January 7, 2022
Korean telecoms group KT has built a new OpenRAN test facility with plenty of help from its Japanese friends.
Also referred to as a ‘verification facility’, the new site has been created to accelerate the introduction of OpenRAN to KT’s 5G network. It uses Fujitsu’s OpenRAN 5G base station kit and called upon NTT for technical support throughout its construction. While Korea was first to the punch with 5G, Japan has established itself as a global leader when it comes to OpenRAN tech, so it makes sense for KT to tap into that expertise.
No East Asian collaboration is complete without a memorandum of understanding, of course. The three companies signed one collectively committing them to the development of software-defined virtualized RAN (vRAN) and RAN Intelligent Controller (RIC) technology. This endeavour will apparently be done in alignment with a body called the 5G Open RAN Ecosystem.
This move would appear to formalise a broader collaboration across the Sea of Japan over OpenRAN. According to the press release, KT reckons ‘the introduction of multi-vendor Open RAN [will] reduce equipment procurement and construction costs and [will] achieve flexible network construction capabilities.’ That’s what the brochure says, but opinion remains divided over whether the introduction of more vendors will necessarily lower RAN prices.
Will KT now be in any way compelled to use Fujitsu base station kit?

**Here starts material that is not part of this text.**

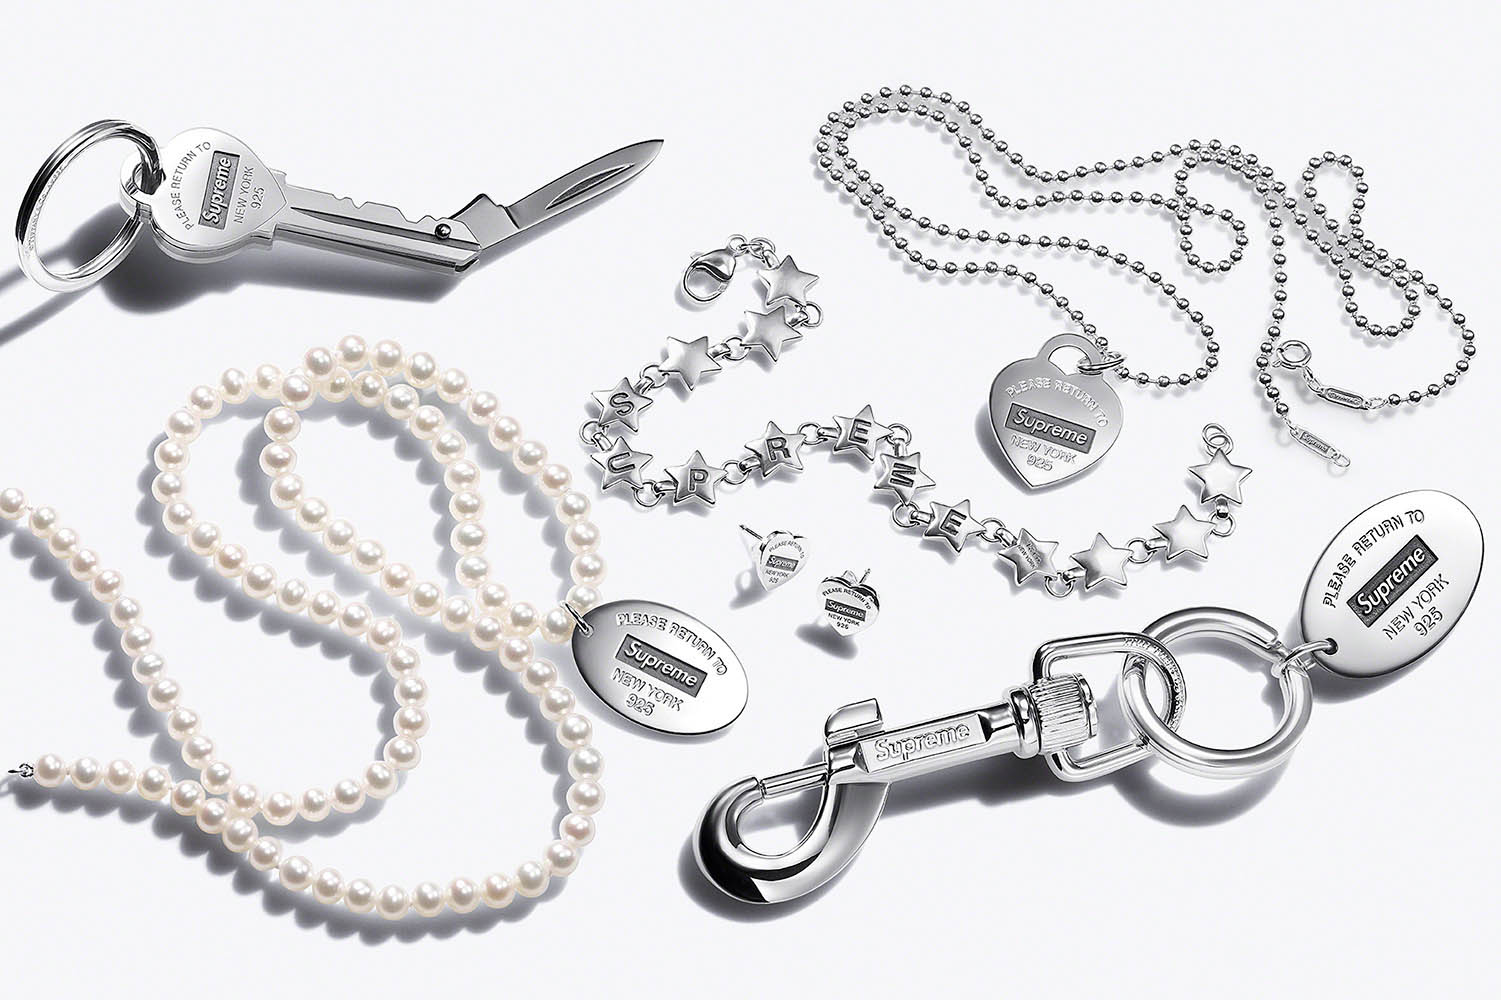 Supreme®/Tiffany & Co. Star Bracelet

If so, where’s the competition? There are also plenty of competitive bottlenecks among component suppliers, such as chips, which need to be resolved before the ‘open’ utopia can be achieved. The standards/specification process for OpenRAN also seems to be somewhat fragmented at this stage, which also needs sorting. Having said all that, collaborations such as this will probably be important contributions to the collective wisdom on the matter.